Biyoinovasyon Merkezinde doku kültürüyle kendi fide ve fidanlarını yetiştirdiklerini belirten Güler, böylelikle kendi içinde bir döngü oluşturduklarını anlattı.
Güler, hem boş toprakların tarıma kazandırmasını hem de yeni eser denemelerini çok önemsediklerini vurgulayarak bunların tamamının klasik belediyeciliğin dışındaki uygulamalar olduğunu lisana getirdi.

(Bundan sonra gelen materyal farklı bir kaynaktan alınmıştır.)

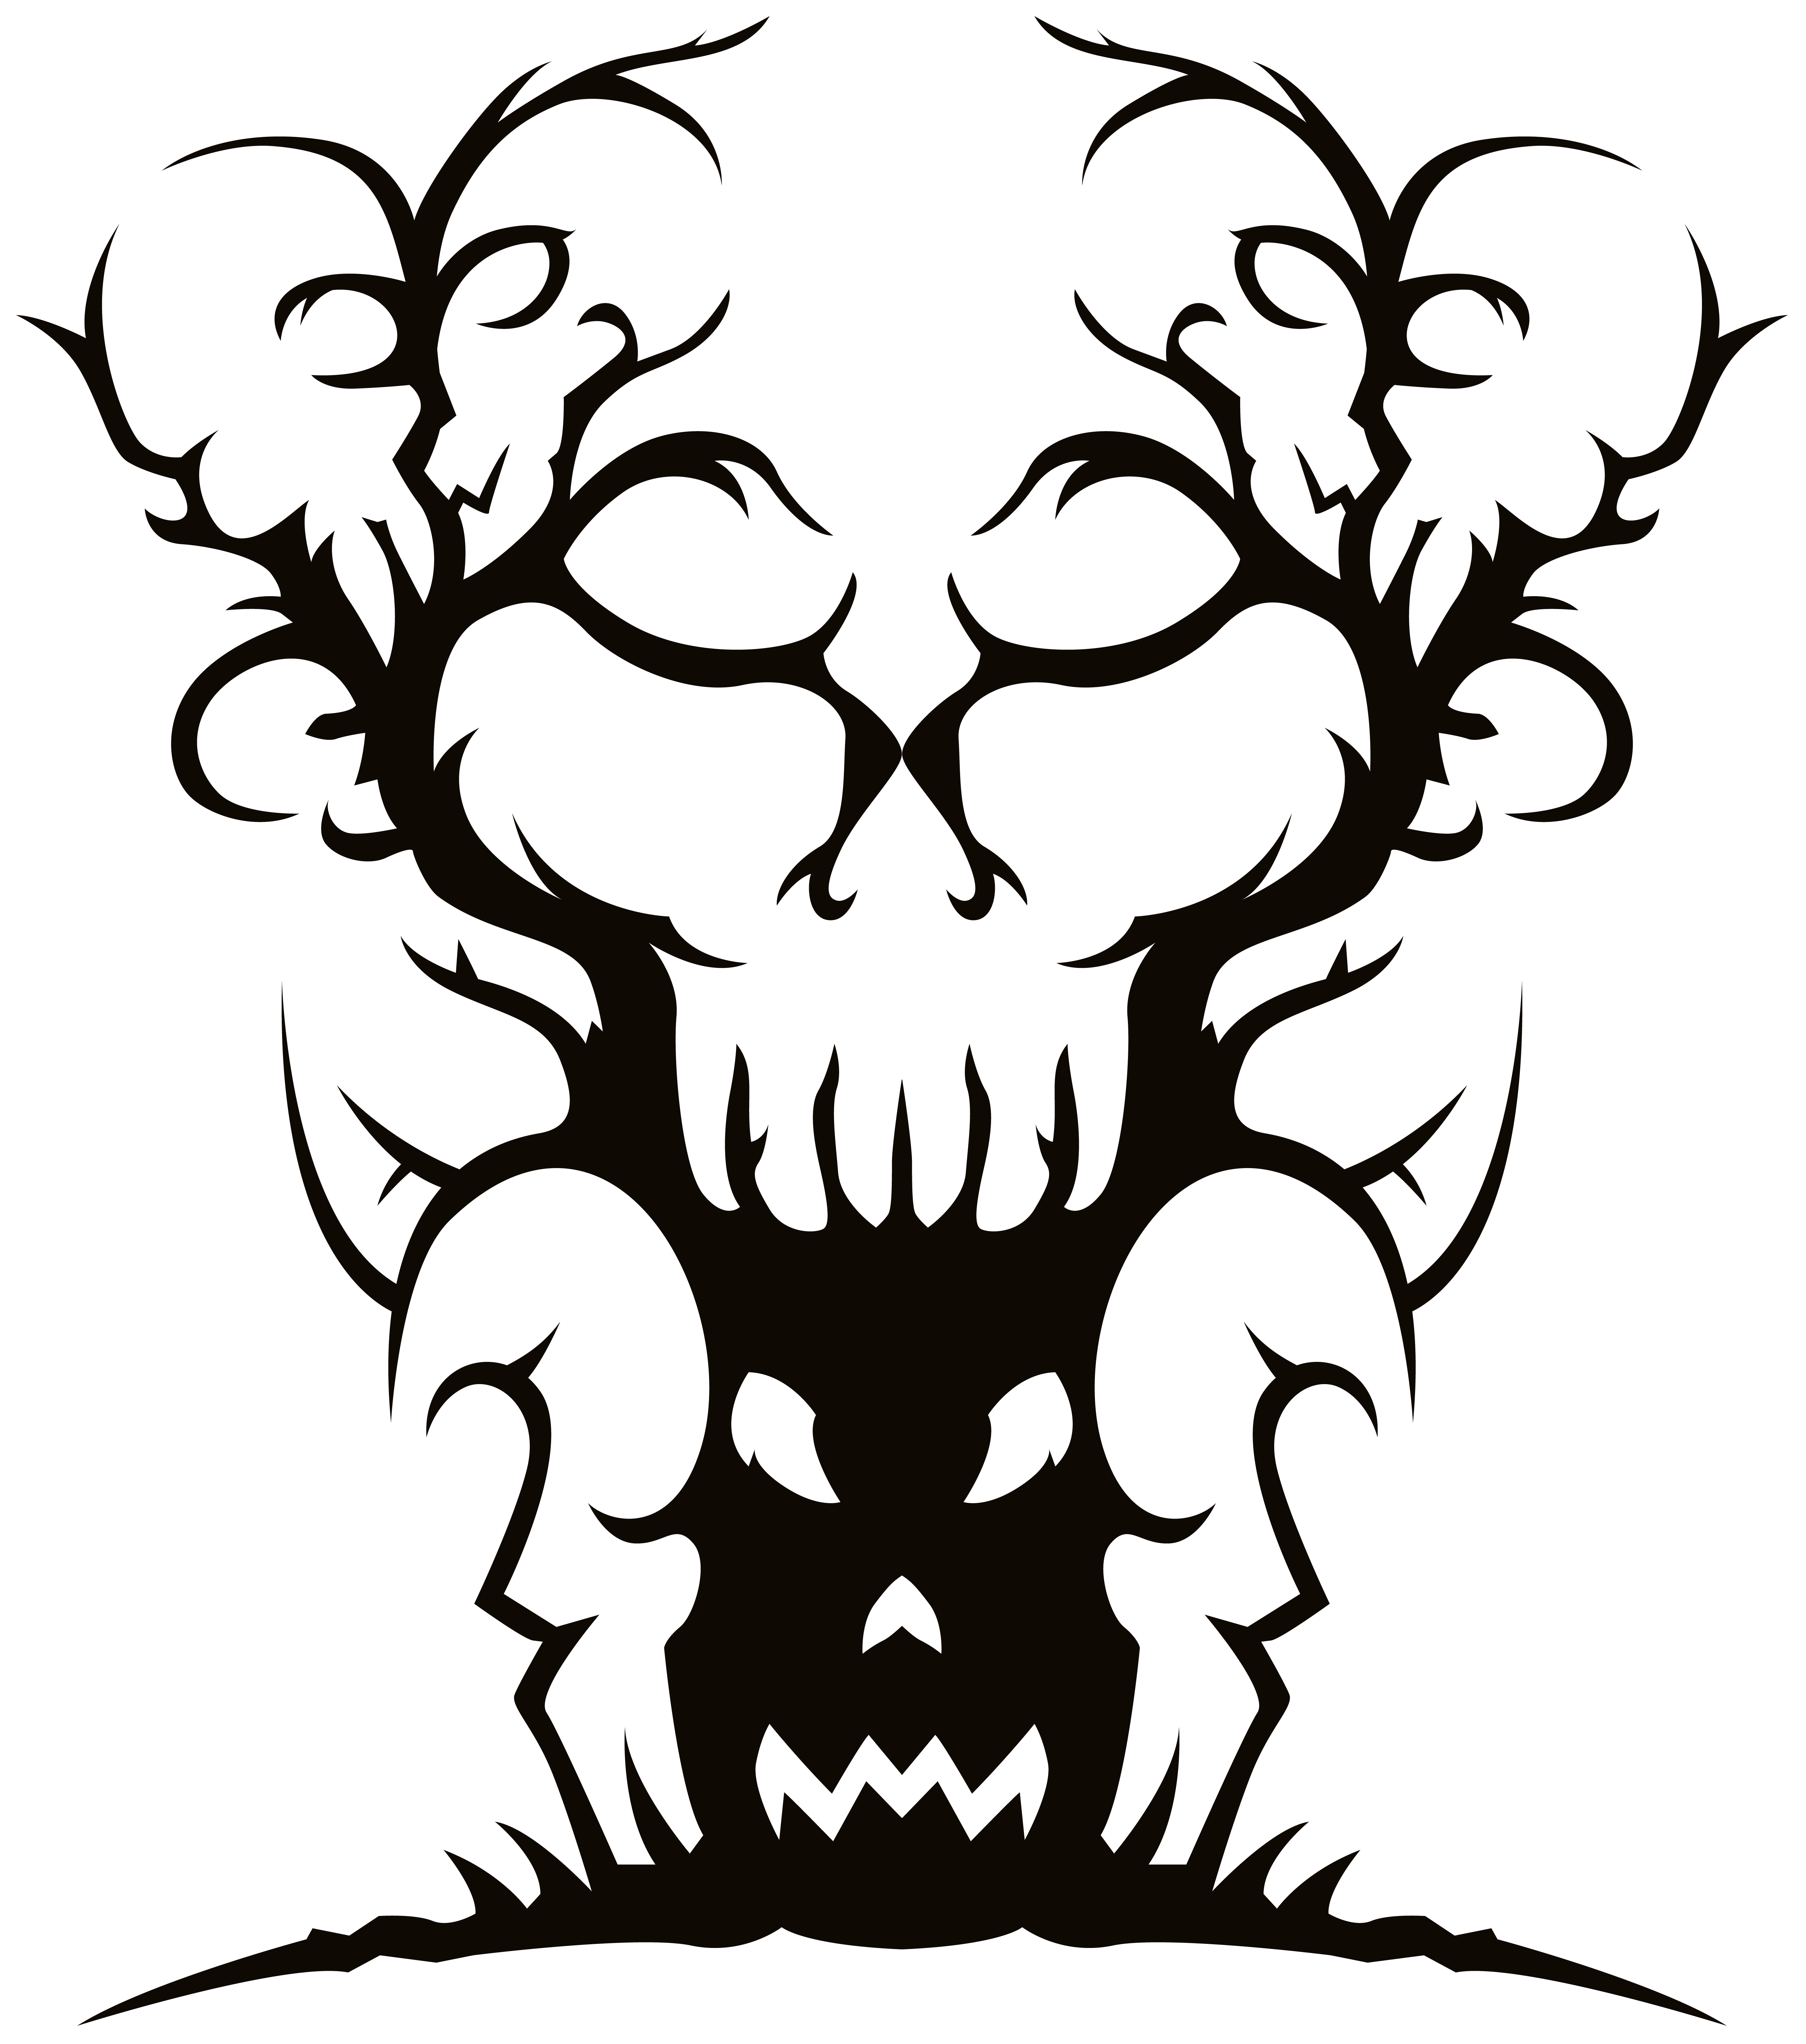 Scary spooky tree png. Witch clipart creepy

Ziraî çalışmaların istihdama katkısı olduğuna işaret eden Güler, “Mesela üniversite öğrencileri değişik uygulamalara girdiler, bıldırcın üretimine geçtiler. Mantar, arı sütü üretimlerimiz, başkan bayan çiftçi çalışmalarımız var.” diye konuştu.
Güler, gelir kaynaklarının artması, kooperatifçiliğin gelişmesi ve bayanların iktisada katılmasının çok kıymetli olduğunu söz ederek şu değerlendirmede bulundu.
“Nüfusumuzun yarısı bayan, münasebetiyle bayanları devreye sokuyoruz. Yüzde 60’ı genç, gençler devreye giriyor. Üretici durumunda olmaları da tıpkı vakitte toplumsal güvenlikleri ve gelecekleri açısından değerli. Hasebiyle birebir vakitte keyifli bir toplum oluşuyor zira fındık bir ay, 11 ay boş kalıyorlardı. Artık 11 ayı da kıymetlendiriyoruz.”